А лучше друга и преданнее Вам не найти.
Письмо с массой ошибок:
«Многоуважаемая госпожа актриса!
Я хочу, чтобы у Вас была вещь. У меня есть серьги случайные. Вы мне ничего не отвечаете, может быть, через то, что Вы обо мне не так поняли. Ну, так пишу яснее. У меня есть три господина, которые за эти сережки заплатят. Теперь, надеюсь, поняли. А потому поспешите, потому что господа могут и уехать. Пишу Вам в последний раз. Если и это письмо оставите без ответа, – то каша за брюхом не ходит. Я хотела Вам сделать доброе, а там как знаете. Я бы не писала, если бы меня к Вам не посылали.

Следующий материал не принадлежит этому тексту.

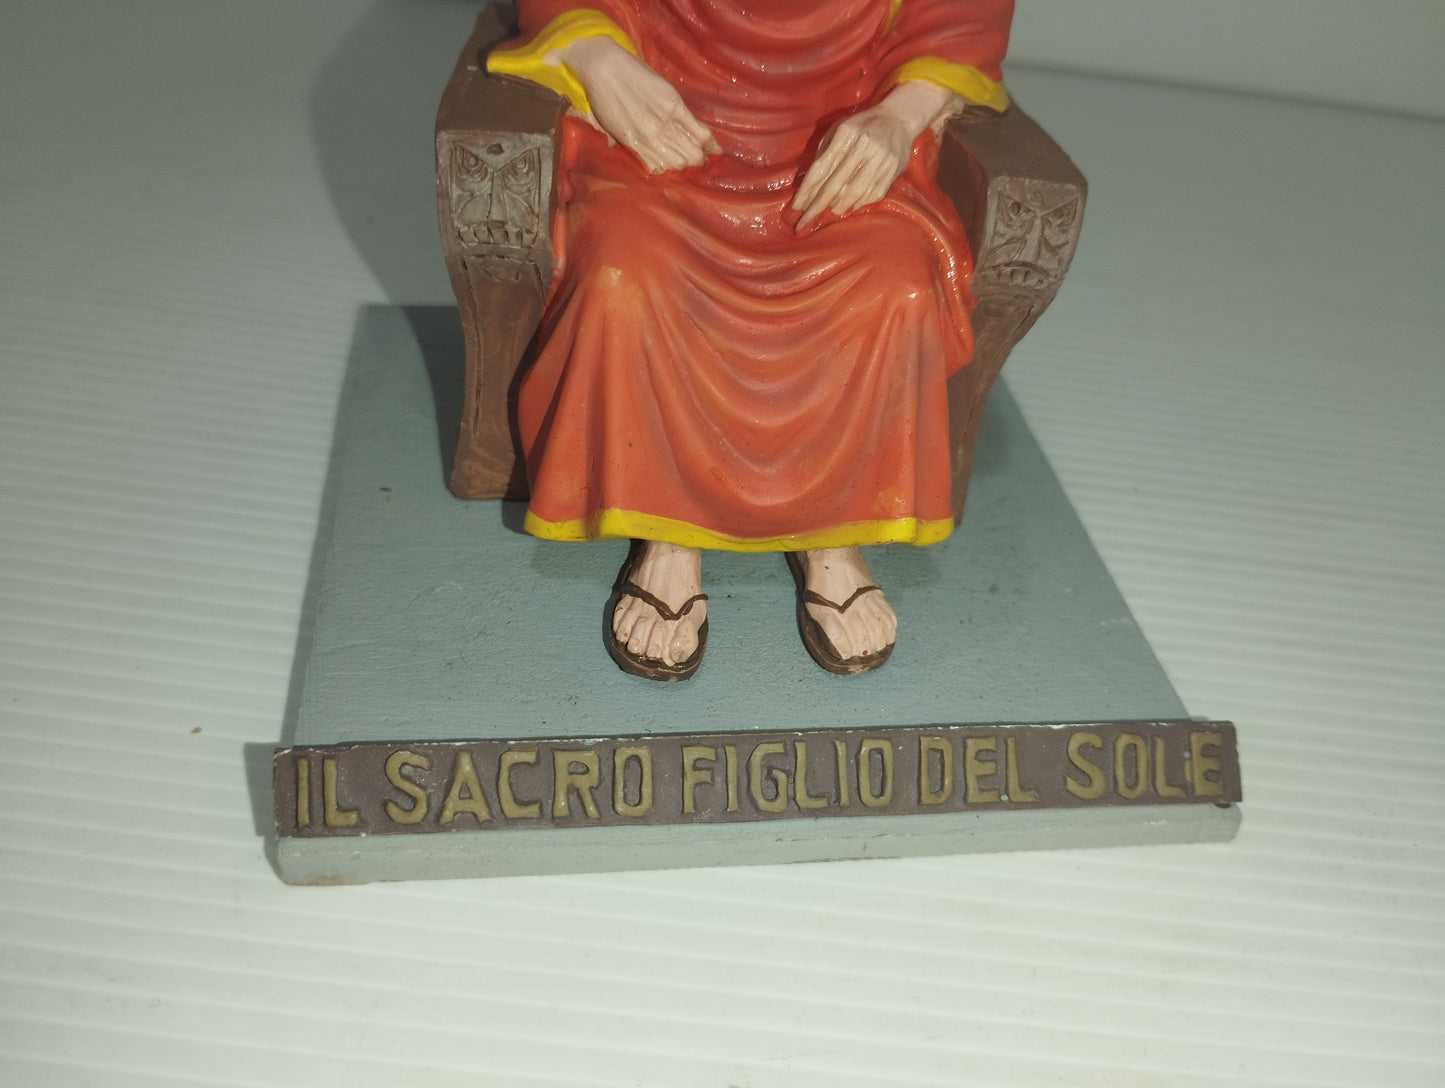 Statua Il Sacro Figlio Del Sole In Resina
Altezza cm 12 circa

А впрочем, уважающая Вас
Недурная почтовая бумага.
«Вот нахал! – скажете Вы, – а я все-таки пишу. Вы не отвечаете на поклон? Это даже хорошо при нынешней моде. Когда дама кланяется, султан некрасиво колышется. Но Вы сердитесь? Милый друг! В разных городах Российской империи у меня 14 жен. „С ума сойти!“ – как любите говорить Вы. Подумайте! И Вы были бы 15-ой? Ну, рассудите Вашей милой умной головкой. Ну, что было бы хорошего? Ей-богу, мне страшно жаль, что я Вас огорчил. Честное слою! Но что же делать? Случилось и случилось. Плюньте. Забудьте. Не сердитесь. Не допускайте, чтобы жизнь причиняла Вам царапины. Скользите. В этом вся мудрость.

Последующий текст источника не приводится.